• **Information provided**
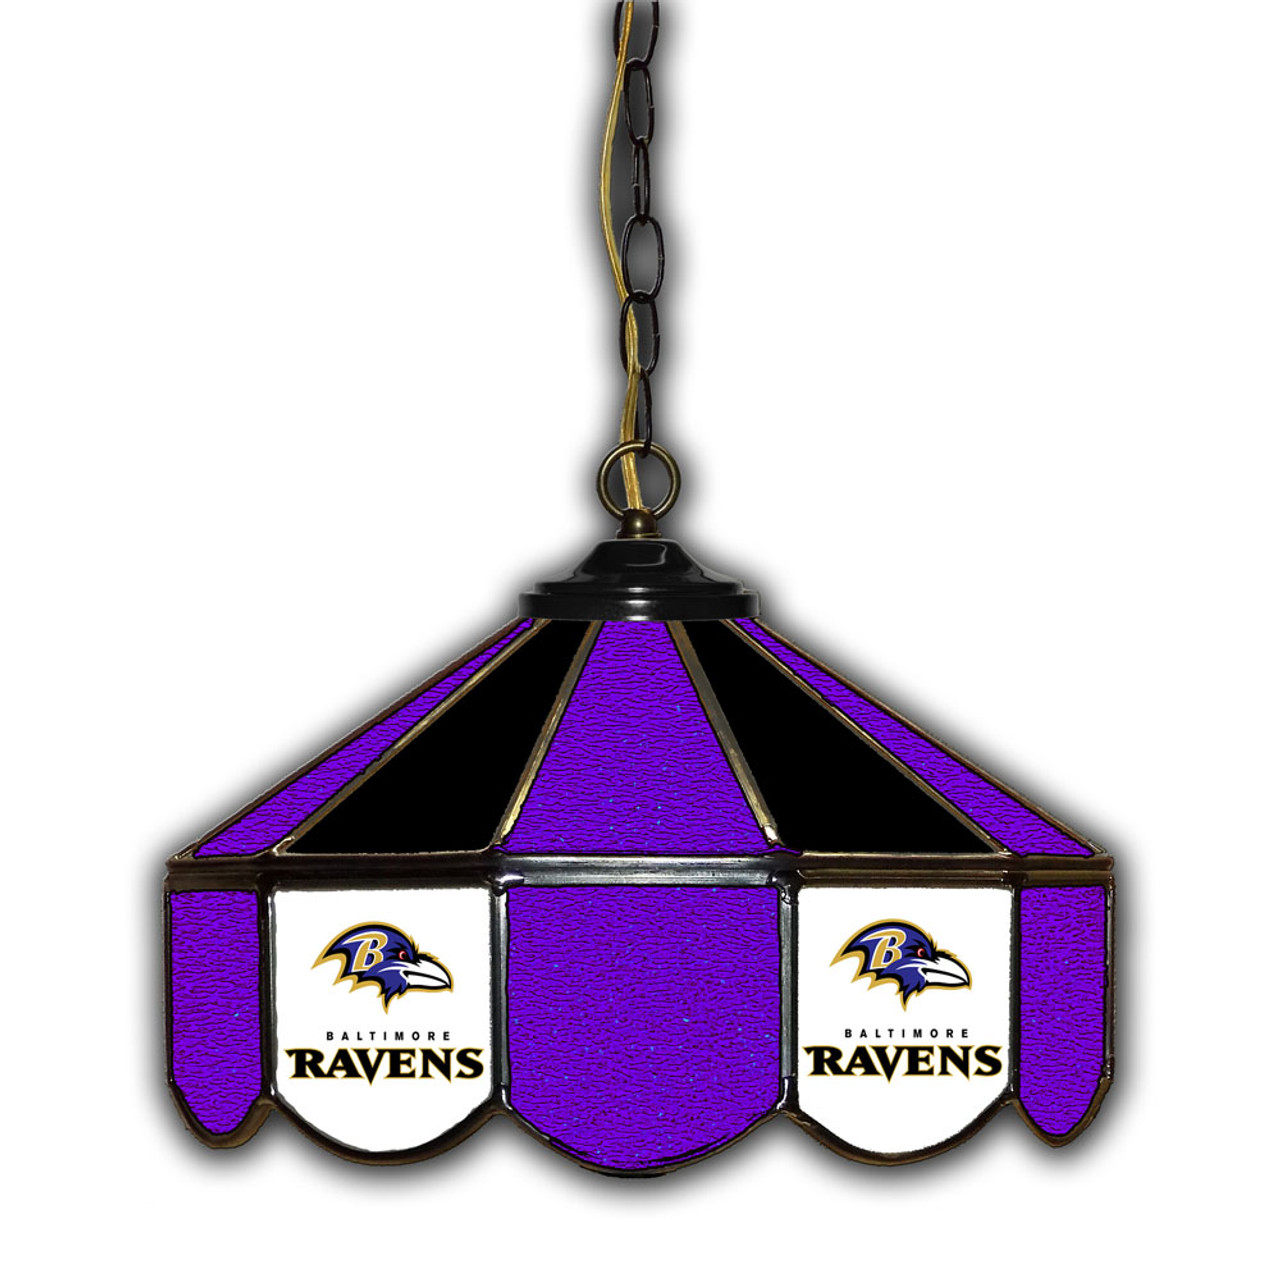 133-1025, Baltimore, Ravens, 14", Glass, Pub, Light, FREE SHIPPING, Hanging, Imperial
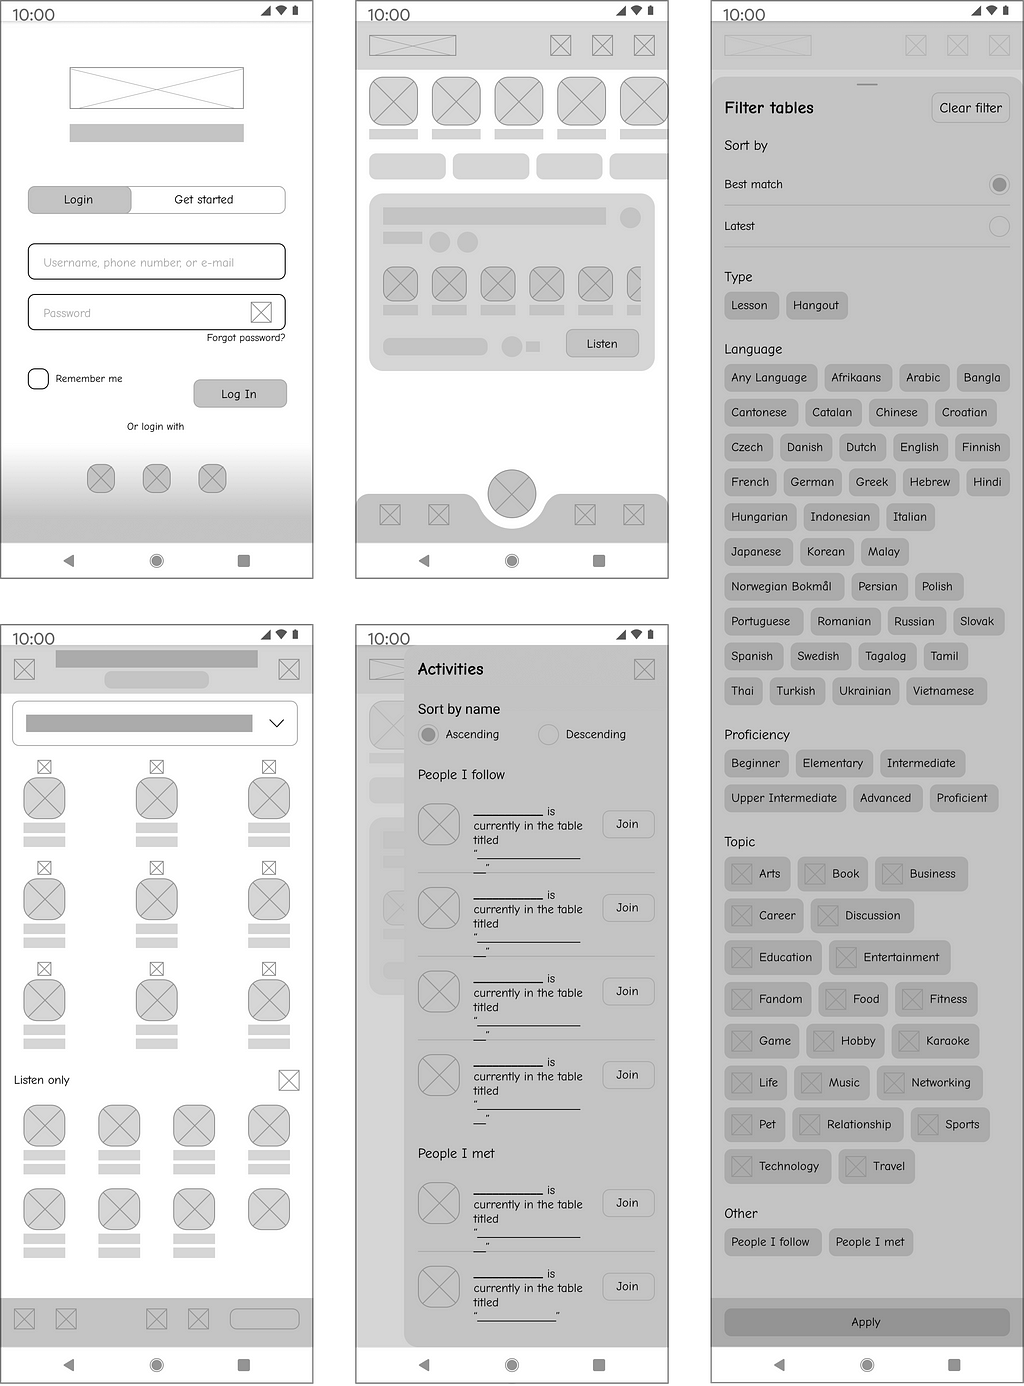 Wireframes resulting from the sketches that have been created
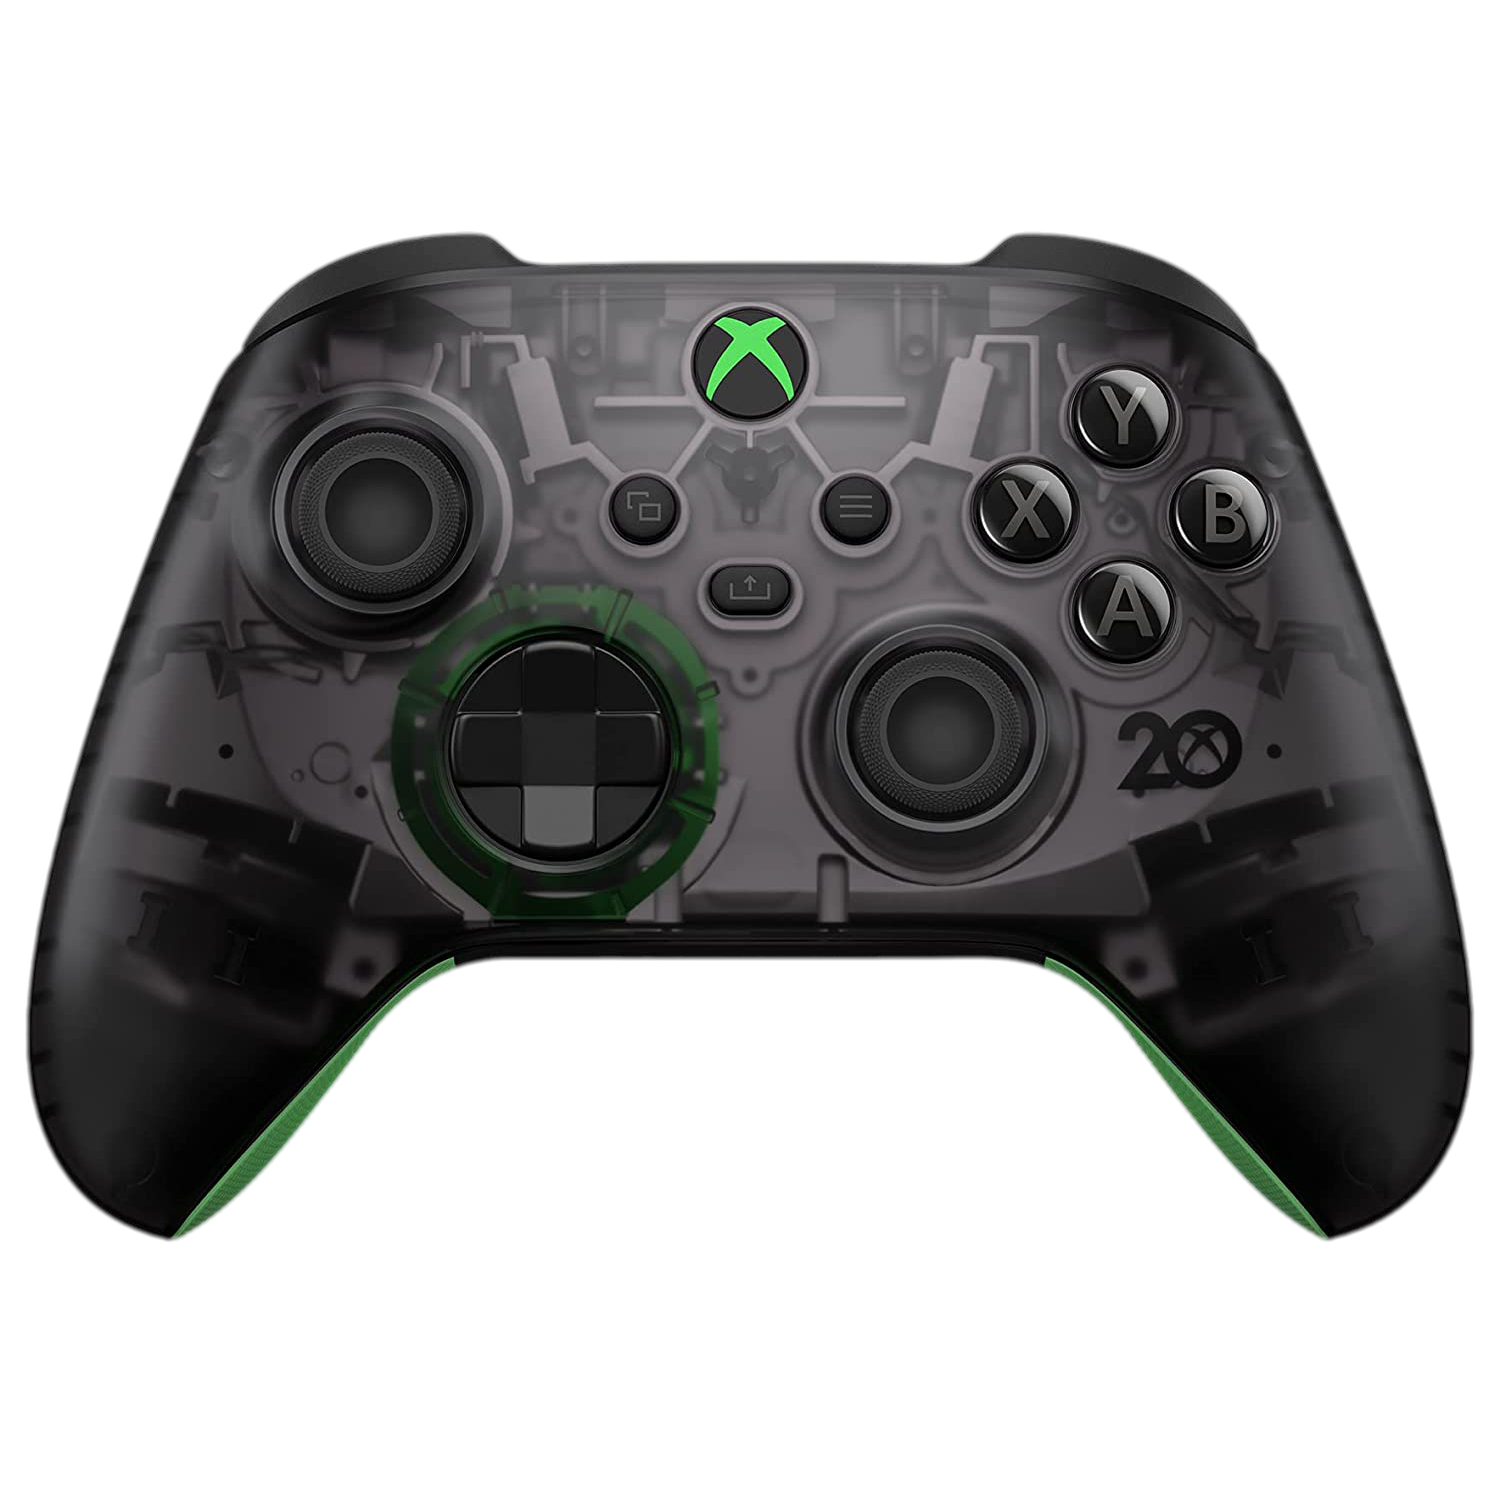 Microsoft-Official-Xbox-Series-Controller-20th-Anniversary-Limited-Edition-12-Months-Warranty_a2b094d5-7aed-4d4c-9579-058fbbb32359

• **What you have to do**
Please repeat the listing precisely, excluding the pictures it contains.

• **Answer for the task**
 133-1025, Baltimore, Ravens, 14", Glass, Pub, Light, FREE SHIPPING, Hanging, Imperial
 Wireframes resulting from the sketches that have been created
 Microsoft-Official-Xbox-Series-Controller-20th-Anniversary-Limited-Edition-12-Months-Warranty_a2b094d5-7aed-4d4c-9579-058fbbb32359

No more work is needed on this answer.